Predicting severe haematological toxicity in gastrointestinal cancer patients undergoing 5-FU-based chemotherapy: a Bayesian network approach

Autores: Ruiz Sarrias,O.; González Deza, Cristina; Rodríguez Rodríguez, Javier; Arrizibita Iriarte,O.; Vizcay Atienza, Ángel; Zumarraga Lizundia, Teresa; Sayar Beristain, O. (Autor de correspondencia); Aldaz Pastor, Azucena (Autor de correspondencia)

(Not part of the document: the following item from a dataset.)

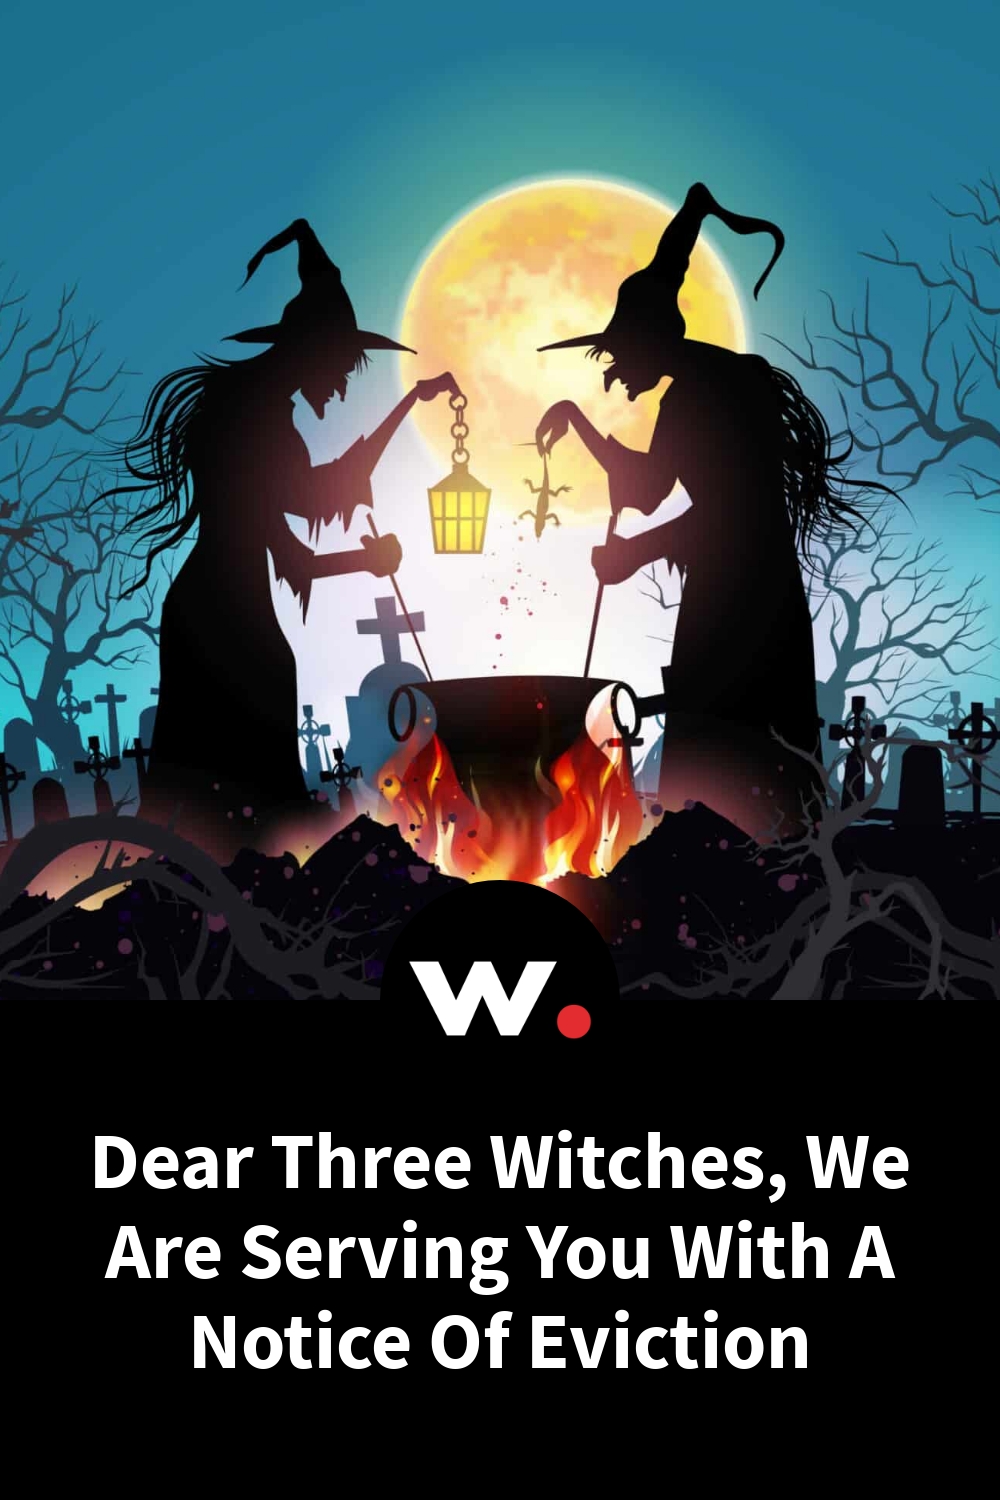 Dear Three Witches, We Are Serving You With A Notice Of Eviction
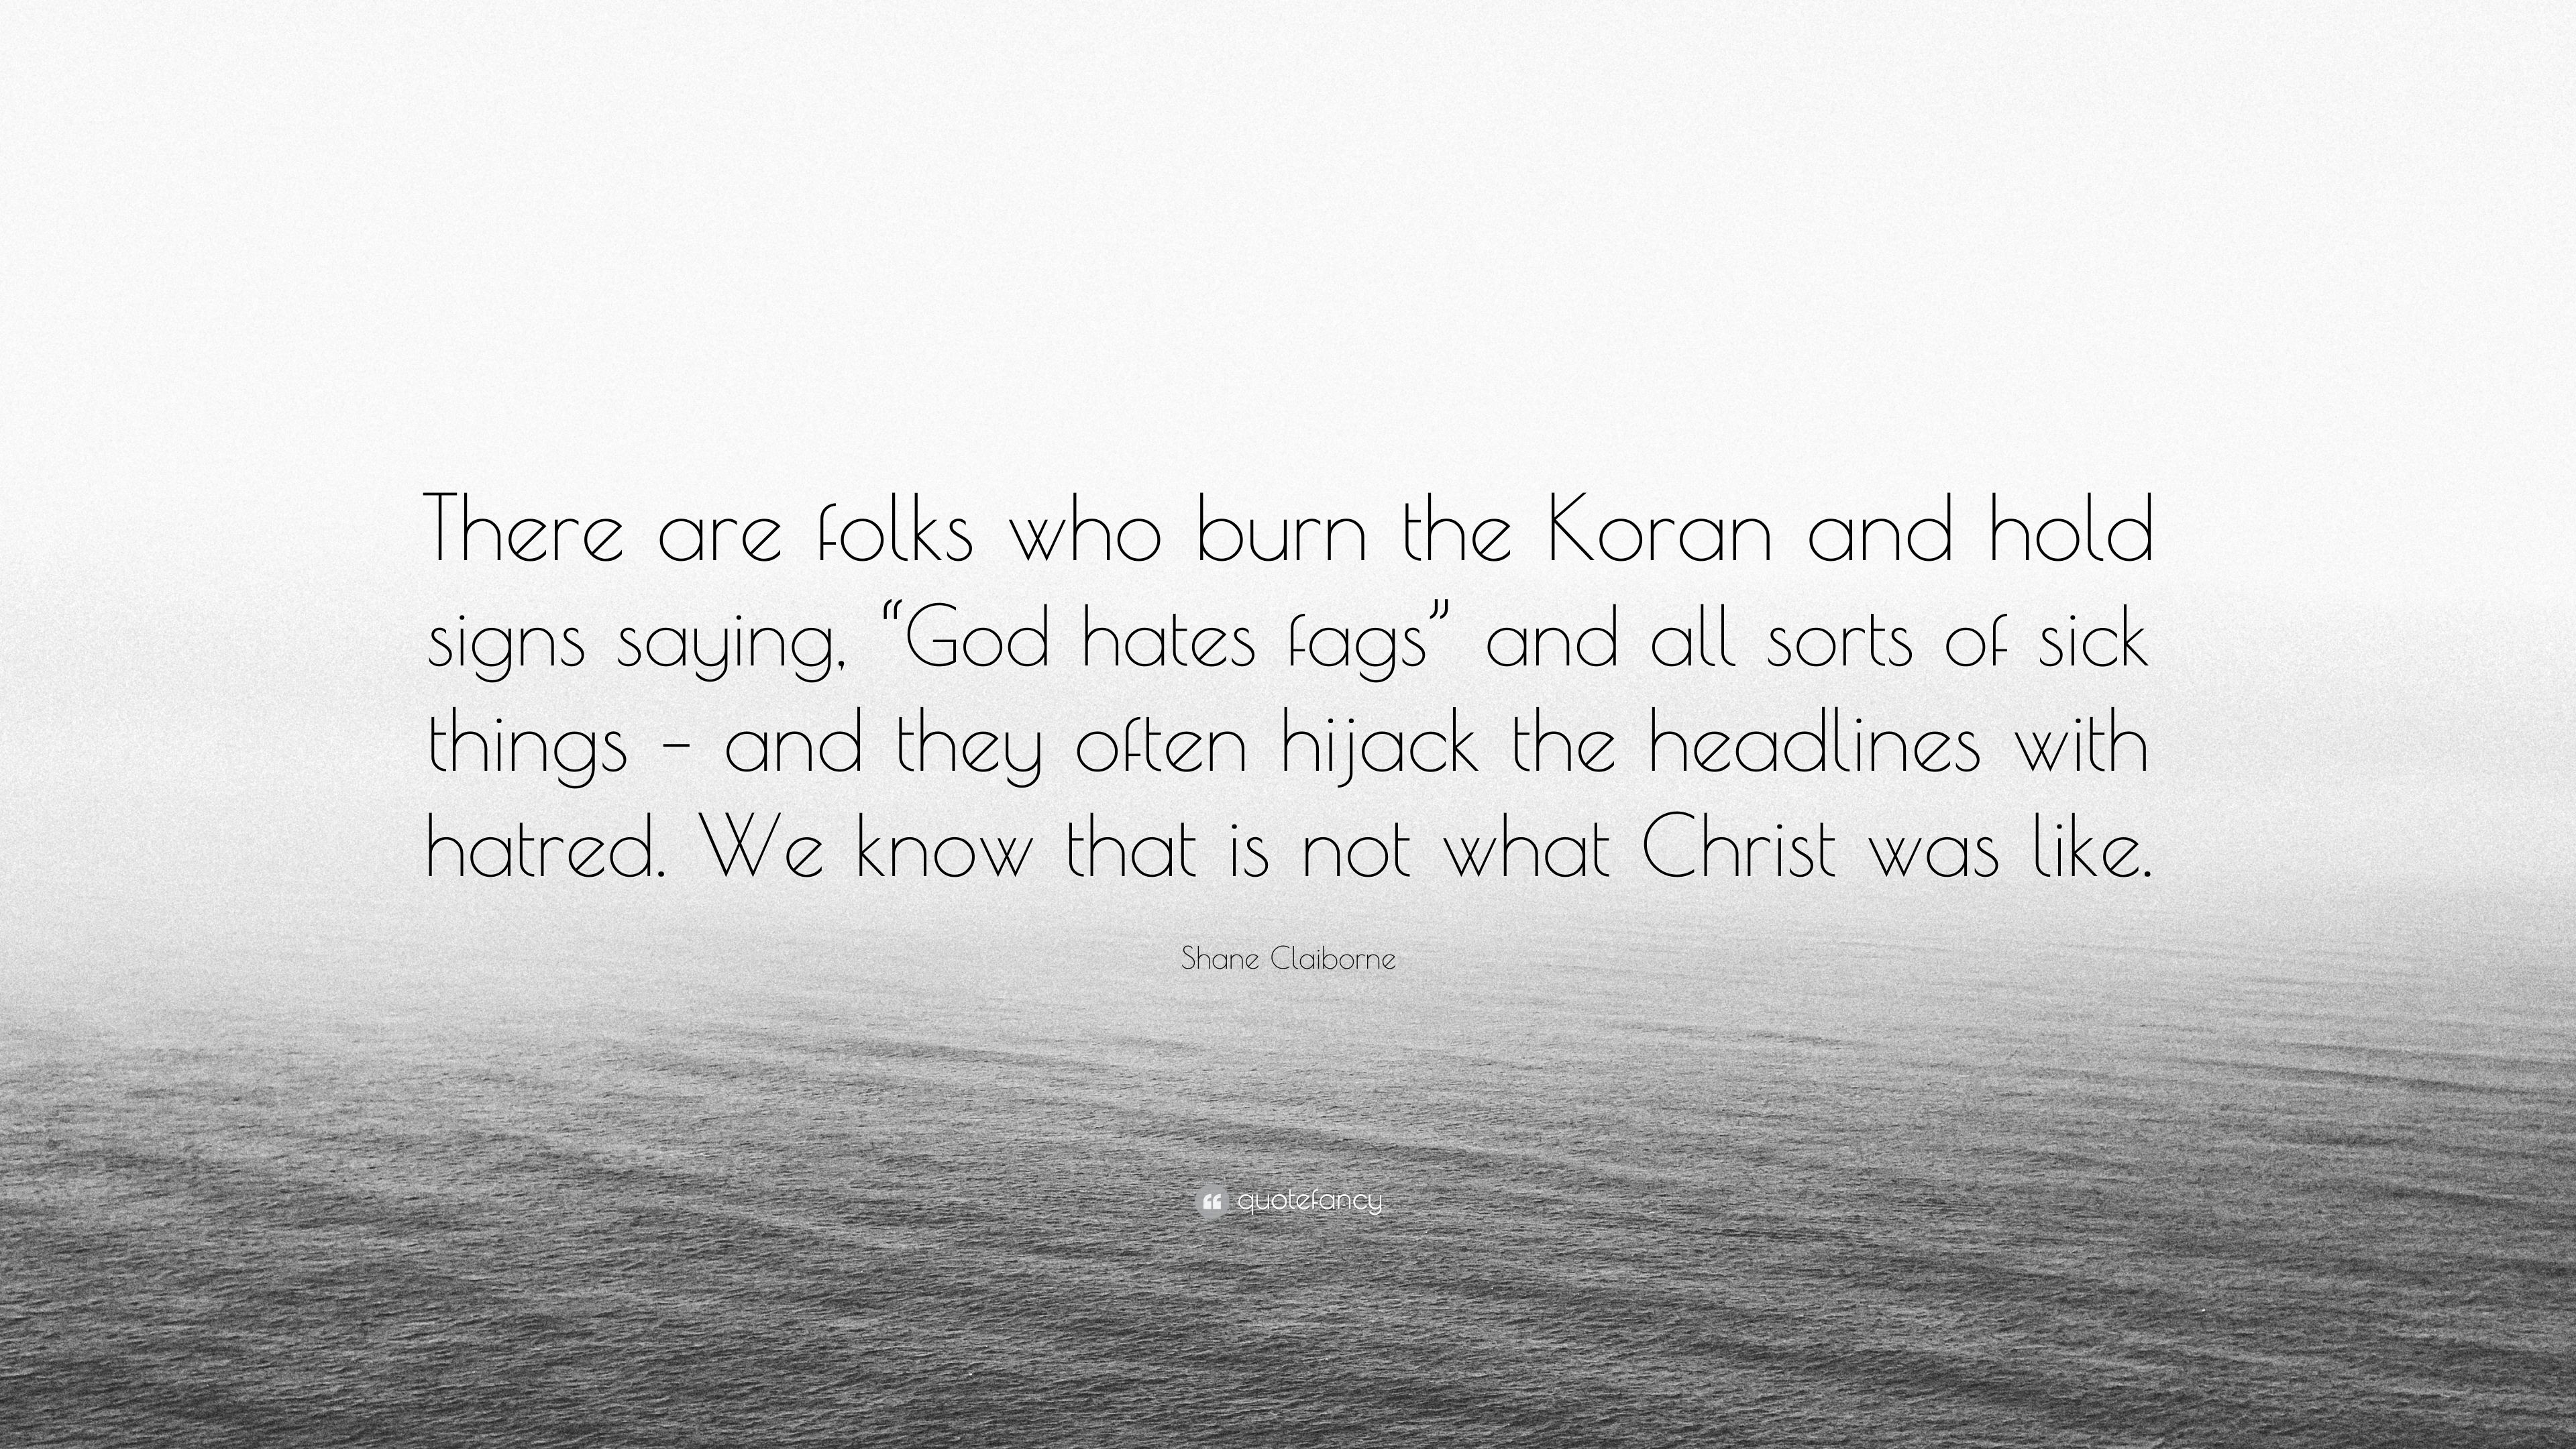 3840x2160 Shane Claiborne Quote: “There are folks who burn the Koran and hold signs  saying

Título de la revista: CANCERS
ISSN: 2072-6694
Volumen: 15
Número: 17
Páginas: 4206
Fecha de publicación: 2023
Resumen:
Simple Summary Cancer treatments often have side effects that may impair patients' quality of life. Our research aimed to create a predictive tool able to foresee the likelihood of these severe complications. We used medical data from 267 gastrointestinal cancer patients, applied a particular type of computer model known as a Bayesian network, and evaluated its predictions against real outcomes. The model accurately predicted the risk of developing severe haematological toxicity in 80-85% of cases. This tool, if further validated and refined, may help to identify a vulnerable subset of patients who might benefit from personalized treatment plans.Abstract Purpose: Severe toxicity is reported in about 30% of gastrointestinal cancer patients receiving 5-Fluorouracil (5-FU)-based chemotherapy. To date, limited tools exist to identify at risk patients in this setting. The objective of this study was to address this need by designing a predictive model using a Bayesian network, a probabilistic graphical model offering robust, explainable predictions. Methods: We utilized a dataset of 267 gastrointestinal cancer patients, conducting preprocessing, and splitting it into TRAIN and TEST sets (80%:20% ratio). The RandomForest algorithm assessed variable importance based on MeanDecreaseGini coefficient. The bnlearn R library helped design a Bayesian network model using a 10-fold cross-validation on the TRAIN set and the aic-cg method for network structure optimization. The model's performance was gauged based on accuracy, sensitivity, and specificity, using cross-validation on the TRAIN set and independent validation on the TEST set. Results: The model demonstrated satisfactory performance with an average accuracy of 0.85 (& PLUSMN;0.05) and 0.80 on TRAIN and TEST datasets, respectively. The sensitivity and specificity were 0.82 (& PLUSMN;0.14) and 0.87 (& PLUSMN;0.07) for the TRAIN dataset, and 0.71 and 0.83 for the TEST dataset, respectively. A user-friendly tool was developed for clinical implementation. Conclusions: Despite several limitations, our Bayesian network model demonstrated a high level of accuracy in predicting the risk of developing severe haematological toxicity in gastrointestinal cancer patients receiving 5-FU-based chemotherapy. Future research should aim at model validation in larger cohorts of patients and different clinical settings.